●リプレイ本文
●青い空を舞う
空は一面の蒼。眼下に広がる地中海。
「空からココを見るのも何となく新鮮だなぁ」
稲葉 徹二(
ga0163)が呟く。グラナダへの潜入任務で幾度か、少年が潜水艦に缶詰になって渡った海だ。長い付き合いとなったこの地での戦いも、あと少しで終わるのだろう。その結果を良き物とするべく、彼は己に喝を入れた。
「仕損じて後で面倒な事になるのは自分ですし、キッチリ仕事せんと」
失敗したときに向けられるだろう、友人の皮肉げな笑いを振り払うように、首を振る徹二。
「今日はBEBOPに行くかね?」
少年にそう告げるUNKNOWN(
ga4276)も、グラナダの空を飛ぶのは久しぶりだ。漆黒の愛機の中で、謎めいた男は連戦の疲れを見せずに微笑する。
「少将からくすねたフォアグラを楽しみに、だね」
こっそり忍び込んだ依頼主の私室は、彼の手で思うさま荒らされていた。きっちり片付けられていた為、少将がそれに気づいて苦笑したのは数日後になったのだがそれはそれ。
「グラナダも賑わって来たようで、何よりだねェー」
その少将の顔を思い出しながら、獄門・Y・グナイゼナウ(
ga1166)が続ける。
「モース少将以下、部隊の皆さんにはお世話になっていますから」
この作戦で恩返しができれば良い、と微笑む霞澄 セラフィエル(
ga0495)は、悪童のような青年の所業までは知らないようだ。2人の少女は、イベリアの空を巡るいくつもの作戦を戦ってきた。ある時は勝利し、ある時は悔しい思いをしたその戦いも、もうすぐ終わる。
「勝利の美酒にはまだ早いけど、ひとまず幸先の良い出だしにしたい所だよねェー」
獄門の声に、霞澄はしっかりと頷いた。
「呑舟之魚、ですか。確かに巨悪ではありますね」
そして、釣るにも大きすぎて楽しめそうに無い、と斑鳩・八雲(
ga8672)は微笑する。
「ここで少しでも敵の戦力を削がなければ」
生真面目にそう言う夕凪 春花(
ga3152)はお仕事モード。年の割りには随分と落ち着いて見える。
「中身は鬼か蛇か‥‥。
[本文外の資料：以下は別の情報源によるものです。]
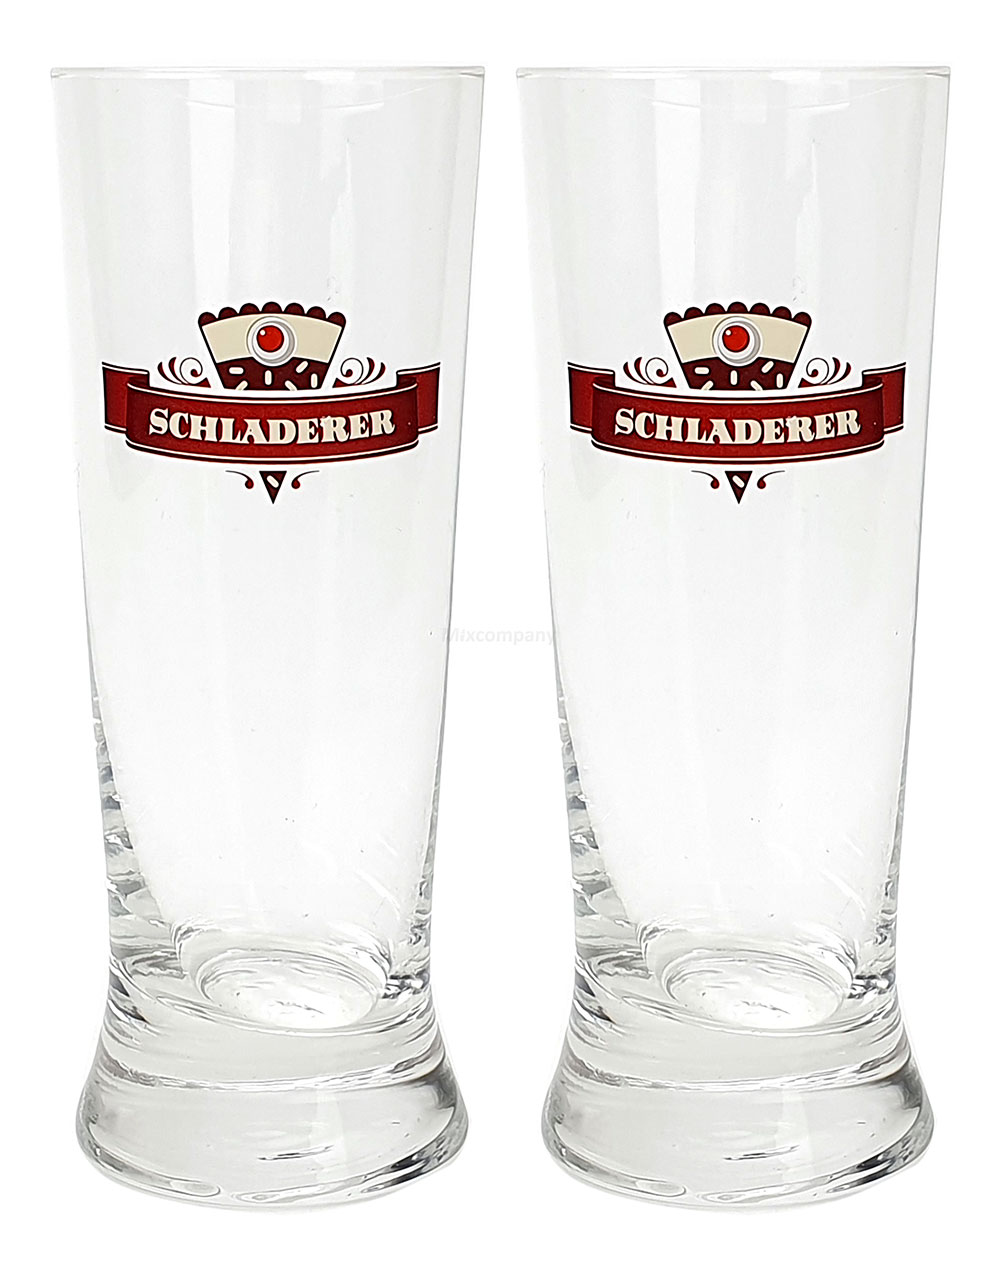 Schladerer Kirschwasser, Szene Becher, Longdrinkglas - 2er Set Glas / Gläser - 2x Schladerer Glas

どちらにしろ中身ごと地中海の藻屑になってもらう!」
今回の任務では八雲、春花とトリオを組む月影・透夜(
ga1806)が銀の眼光鋭く前を睨んだ。
「長時間飛行は久しぶりだったな‥‥ケツが痛ぇッス」
気負う若者達の緊張を削ぐように、そんな事を言った六堂源治(
ga8154)の愛機バイパーはUNKNOWNの物と同じく黒い。仲間を、そして人々を救う為の力を、黒い翼は青年に与えてくれる。
「グラナダには行かせませんよ」
そう言う国谷 真彼(
ga2331)にとっても、その場所は深い意味を持っていた。目の前の1隻を沈めれば、あの地で斃れる人が減るだろう。もう誰も死なせたくない、その思いは無理なものだと知りつつも、無理に近づくために青年は道理を積み重ねる。
「本命の輸送機はもちろんですけど、できればここで全部食い止めておきたいですね」
呟いた鏑木 硯(
ga0280)も、思いは同じだった。後の誰かの為に、今自分が血を流す事を厭わない姿勢は若さゆえの清冽さに満ちていた。
「鯨10機中2機は撃墜、護衛HWと鯨2機に損傷‥‥。流石は正規軍と申しましょうか」
そう呟いてから、飯島 修司(
ga7951)は不敵な笑みを浮かべる。
「ここは1つ、私達傭兵も確実に鯨2機と護衛HW隊を落として少将の期待に応えてみせましょうかね」
過信ではなく確かな自負を表情に込めて、修司は操縦桿を握る手に力を込めた。その甲に青く浮きあがった十字紋様は、先に攻撃作戦で散っていった軍人達への手向けにも見える。‥‥あるいは、彼らの意思を継ぐ剣だろうか。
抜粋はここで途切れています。